I am going on Saturday the 15th. I don't know about anyone else. I will be sure to wear a tag that says "KP". Hope to see everyone there! 12:30 sounds like a good time.


----------



## Pleclerrc (Apr 17, 2011)

Perhaps someone can put up a table & sign for KP Knitting Forum sign-ins so we can actually meet up with others on this great forum. Patricia


----------



## Barbara Ann (Mar 18, 2011)

only 2 weeks away!


----------



## AuntJMae (Feb 25, 2011)

Hi all....OMG, how much do I want to go. I've heard about it for years but never knew anyone else who went. I'm going to try to make it, but my old body may have other plans to which I am not, at present, privy. All the rain and temp changes have played havoc with my rhumatiz.
I'll try to get there by noon so I can hook up with you all....how much fun will that be? Who's taking the camera?????


----------



## AuntJMae (Feb 25, 2011)

One more thing and then I have to go to bed....others have told me about the miles long traffic mess and the parking lot mess. There's a bus from the Poughkeepsie Train Station every half hour (I think) and, if I am able to go, I think I'll take advantage of that service. The last thing I want is to have to sit with my foot on the clutch for miles....my knees will never stand for that!


----------



## AuntJMae (Feb 25, 2011)

OOpps,,my bad: the buses are on a schedule to pick up and deliver passengers from City trains...check the Fair website about 2/3 down the page.
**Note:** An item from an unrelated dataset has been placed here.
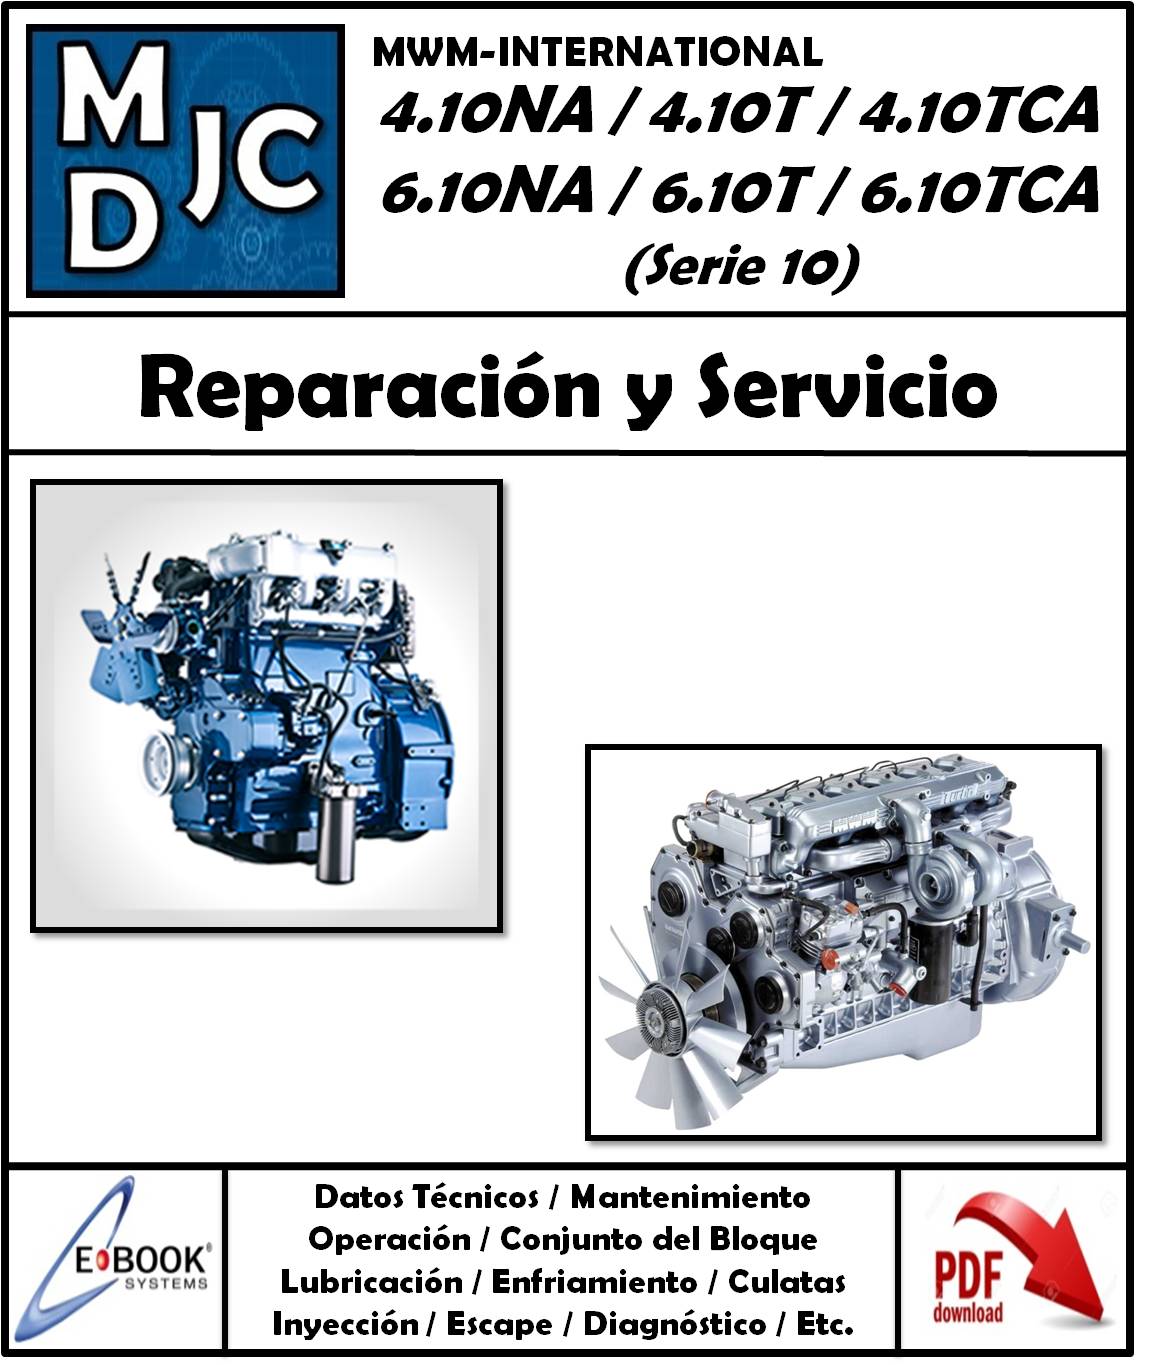 Manual de Taller Motor International MWM 4.10NA / 4.10T / 4.10TCA / 6.10NA / 6.10T / 6.10TCA / Serie

Click on Bus 1 and Bus 2.
NOW I'm going to bed.
Hope to meet you all at the fair.
Judy


----------



## Barbara Ann (Mar 18, 2011)

hope to see you there Judy. I'm taking the bus trip Webs put together from MA. I hope to see everyone! Yes, I'm bringing my camera!


----------



## Barbara Ann (Mar 18, 2011)

only one more week!! Yahoo!


----------



## tamarque (Jan 21, 2011)

there are 3 threads that i found on this in KP and am sending this out to all:

let's meet saturday 9:45 a.m. at the front gate. easiest place to meet i think.

we can make cardboard buttons to wear for id'ing each other.

what say you all.


----------



## AuntJMae (Feb 25, 2011)

Wish I could make it but I don't dare. One of my good friends from upstate is going, as she always does, and is upset that I won't be meeting her. I can't chance there not being a scooter for me when I get there and I can't walk that much without collapsing in pain for the three days after. 
Have a great time all. Wish we could finally meet.
Tamarque: there's a new group planning to meet at Panera in Fishkill on Thursday eves at 6. Would that be a good time for you or does it mess with dinner and family?


----------



## tamarque (Jan 21, 2011)

I understand AuntJMae. Rhinebeck is huge and hilly. I have walking issues, too. Last year I lasted under 3 hours. I went with people who had short time so it worked for me.

I keep saying people need to get there before it opens or they will sit in traffic for eons. It is why I don't like going alone. This year I have a handicap tag so parking should be easier for me. I think you would have to call the organizers to see if they had scooters. The problem is that once you were in a building you would have to walk and you probably know those buildings are very large.

Thanks for telling me about the Fishkill group. I think it is too far for me to drive at night in the winter months. My night vision is not good. But if the group takes off, maybe in the Spring when we have longer days again, it will work for me. Hope it does for you.


----------